В этой командировке, в селении Ухтр, Бошняк случайно встретился со старым знакомым, приказчиком Российско-американской компании Алексеем Березиным. Невельской командировал приказчика, чтобы тот исследовал левое русло Амура, а попутно производил опытную торговлю с гиляками, но при этом не дал ему никого в помощь. Березин находился в ужасающем положении: один, со страшным рожистым воспалением на ноге, без возможности вернуться в Николаевский пост на маленькой лодке, которую выделил ему Невельской, поскольку был не в состоянии грести. Бошняк нанял ему лодку с гребцами для доставки в пост и тем спас жизнь приказчика.
Вернулся лейтенант в Петровское лишь 20 июня. Но отдыхать не пришлось.
Генерал-губернатор Восточной Сибири Николай Николаевич Муравьёв велел Невельскому сосредоточить внимание на исследовании побережья Татарского пролива южнее Амурского лимана и Сахалина. Тот немедленно принялся формировать экспедицию.

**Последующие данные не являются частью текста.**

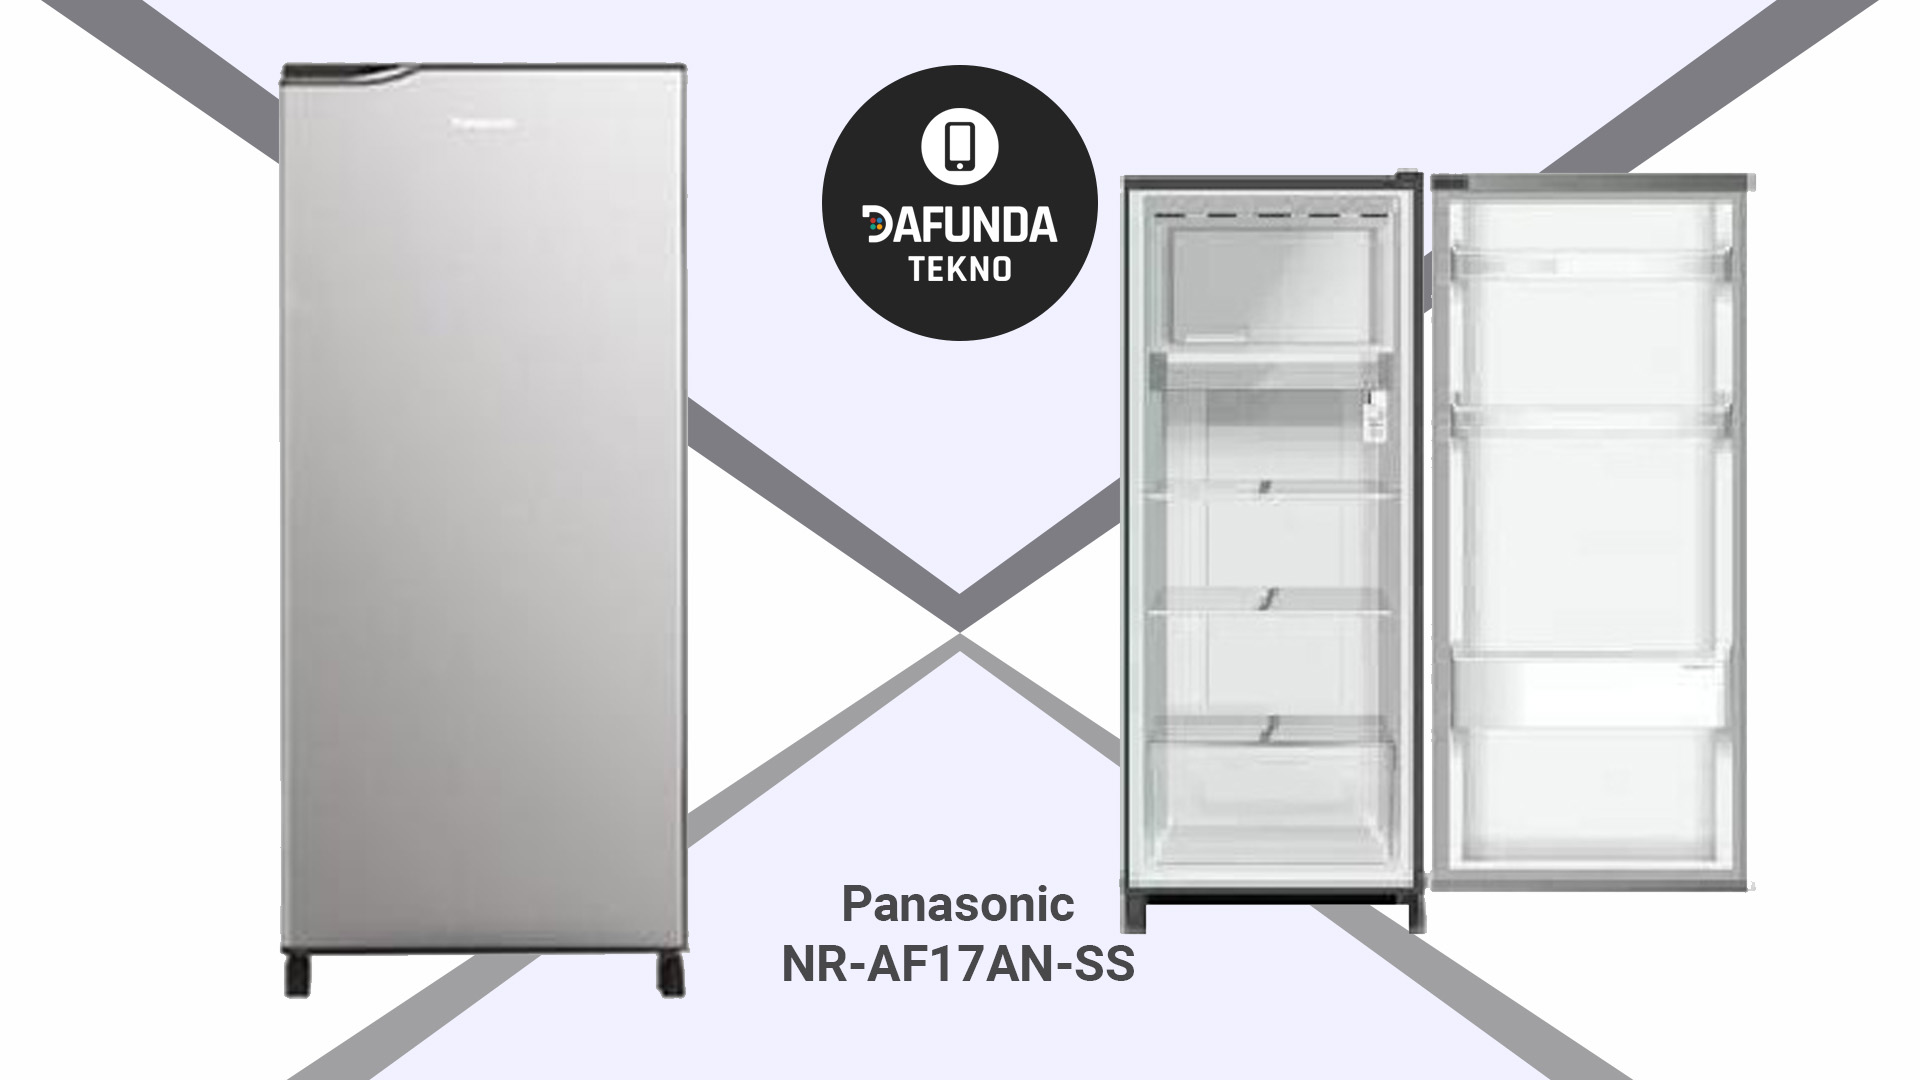 Panasonic Nr Af17an Ss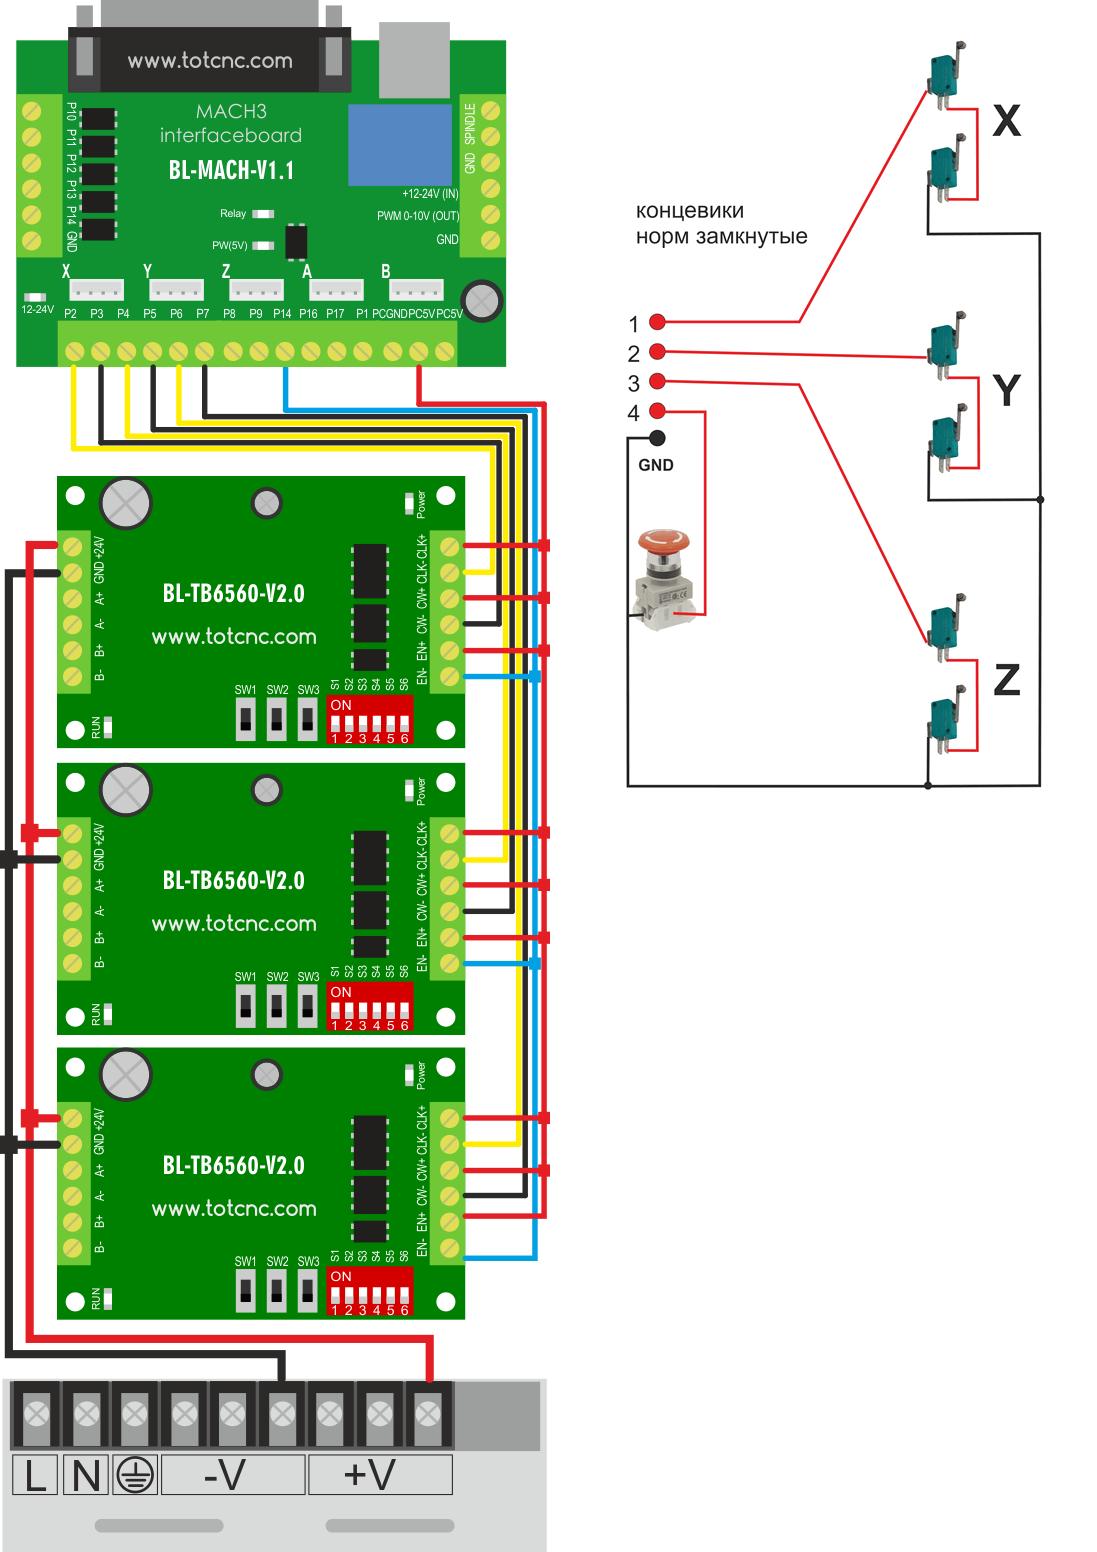 Tb6560 Wiring Diagram - Wiring Diagram Schema - Tb6560 Wiring Diagram

Осенью 1852 года Невельской отправил на баркасе вдоль побережья мичмана Григория Даниловича Разградского для создания промежуточного склада. Мичман доставил запас продовольствия в селение Кэтово (в последующем — Мариинский пост). Затем начальник Амурской экспедиции послал для исследования береговой черты мичмана Николая Матвеевича Чихачёва на боте.
Но посудина эта совершенно не годилась для плавания, текла как решето. Чихачёв сразу же вернулся. Раздосадованный Невельской приказал отправиться на том же дырявом боте подпоручику корпуса флотских штурманов Дмитрию Ивановичу Орлову. Тот, как мог, привёл его в порядок и вышел в море. Но плоскодонный бот предназначался для плавания только по рекам. На волнении в море его стало бить и захлёстывать волнами. Орлов отошёл на двадцать миль от Петровского и сумел вернуться живым со своей командой только благодаря огромному опыту управления с парусами.
Пока искали другое плавсредство, время для плавания упустили. Тогда Невельской послал зимой 1853 года по тому же маршруту Бошняка. Ему было предписано следовать до селения Кизи, затем перейти в Де-Кастри, взять туземную лодку и весной на ней следовать вдоль берега.
Его сопровождали два казака, Семён Парфентьев и Кир Белохвостов, а также якут Иван Масеев в качестве переводчика. Им выделили три нарты, каждая из которых была запряжена 10 собаками. Общий вес груза составлял 70 пудов. В сутки удавалось пройти не более 25 вёрст.
Когда добрались до селения, где Разградский оставил продовольствие, того, что везли с собой, почти не осталось. К счастью, запасы, привезенные Разградским, оказались целы. Старику по имени Обса, который его охранял, сделали подарок.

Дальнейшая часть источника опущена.